So, here is my understanding of vision: it is a stack of transformations, simultaneously experienced. The bottom of the stack is, at the very least, the retinal image (and if the image, why not the logically prior optic array?). Successive levels of the stack analyze the structure of the lower levels, discriminating colors, brightnesses, depths, and identities; this entire stack is
experienced simultaneously, and is identical with visual consciousness. But, the entire thing is anchored in the reality of that bottom layer; take it away, and everything above disappears. Activity in the upper levels can be experienced independently - we can use visual imagination, or have
visual dreams, but these are never
substantial, and I mean this not in a figurative sense - the substance of vision is the retinal image.
This view has consequences.
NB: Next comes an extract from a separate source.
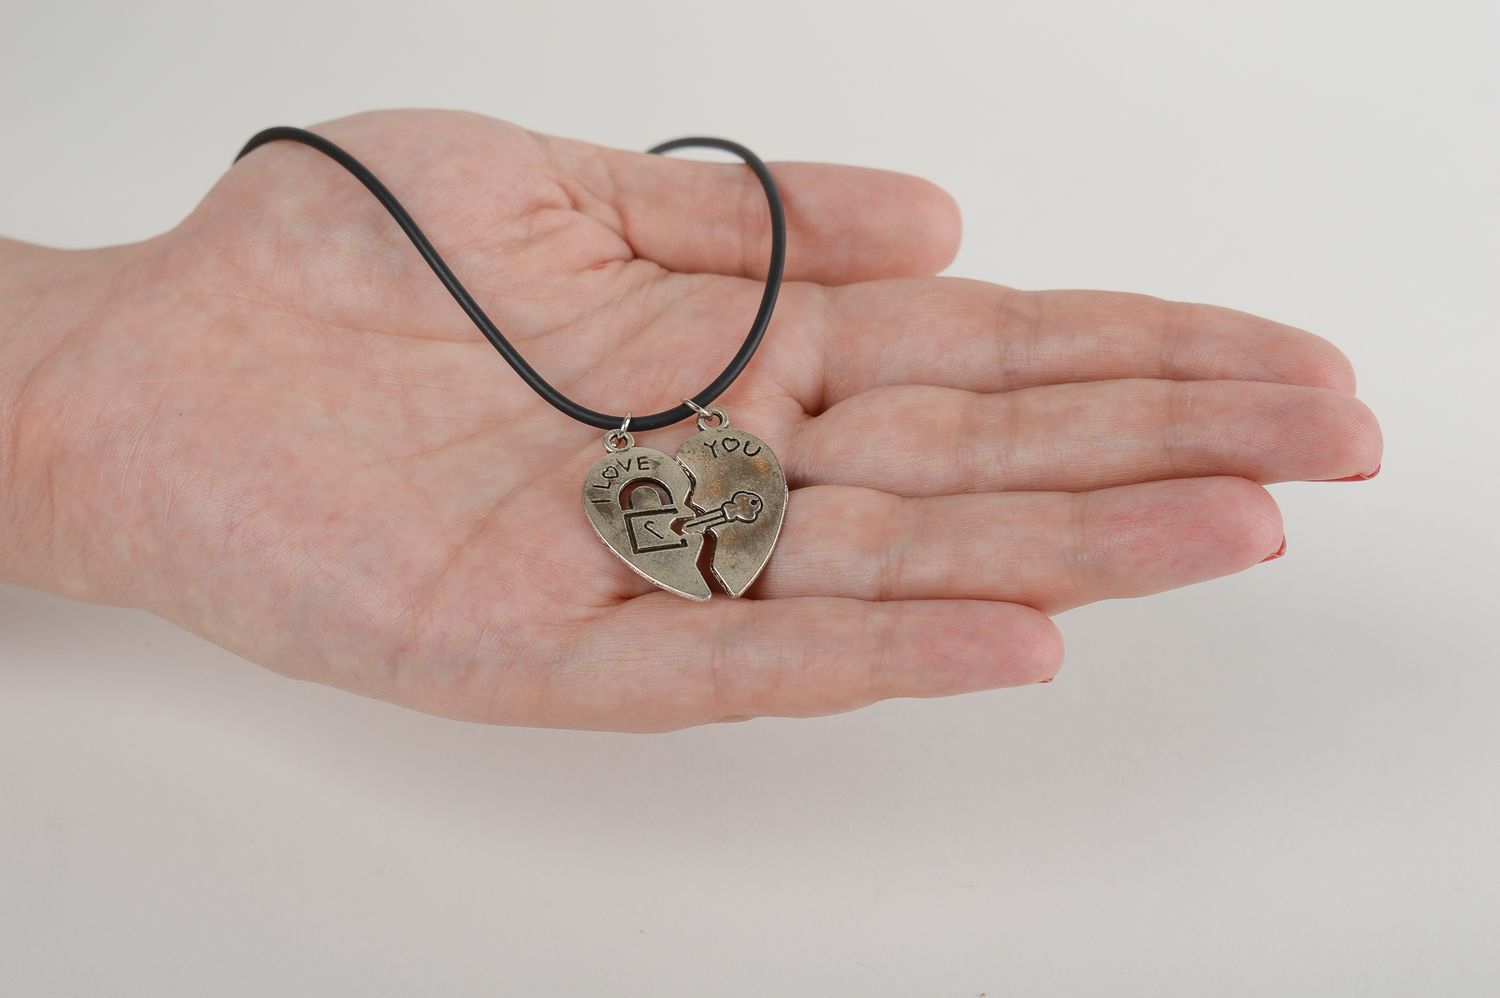 Fashion jewelry handmade pendant metal pendant heart with a cord women gift photo 5

It means that it is impossible to completely reproduce visual experience by any brain-only simulation, i.e. a 'brain in a vat' could never have
complete visual experience. Hallucinations must be mistakes in the upper levels of the stack, and cannot involve substantial features of visual experience - a hallucination is a
mistaking of the spatial organization in the lowest levels for something that it is not. Having had very few hallucinations in my life, this does not conflict with my experiences. I can imagine that a hallucination of a pink elephant could actually involve
seeing a pink elephant in exactly the same experiential terms as if one was there, in physical space, to be seen, but i don't believe it, and I don't think there's any evidence for vision working that way. Similarly, dreams are insubstantial, I claim, because there is nothing in that bottom layer to pin the stack to a particular state; memory, or even immediate experience, of a dream may
seem like visual experience, but this is a mistake of association: we are so accustomed to experiencing activity in the upper stacks as immediately consequent to the image, that when there is activity with no image, we fail to notice that it isn't there! I think, though, that on careful inspection (which is difficult in dreams!), we find that dream vision has indeterminate spatial organization.
Anyways, that's my thinking. This has gone on long enough, I need to work on this proposal...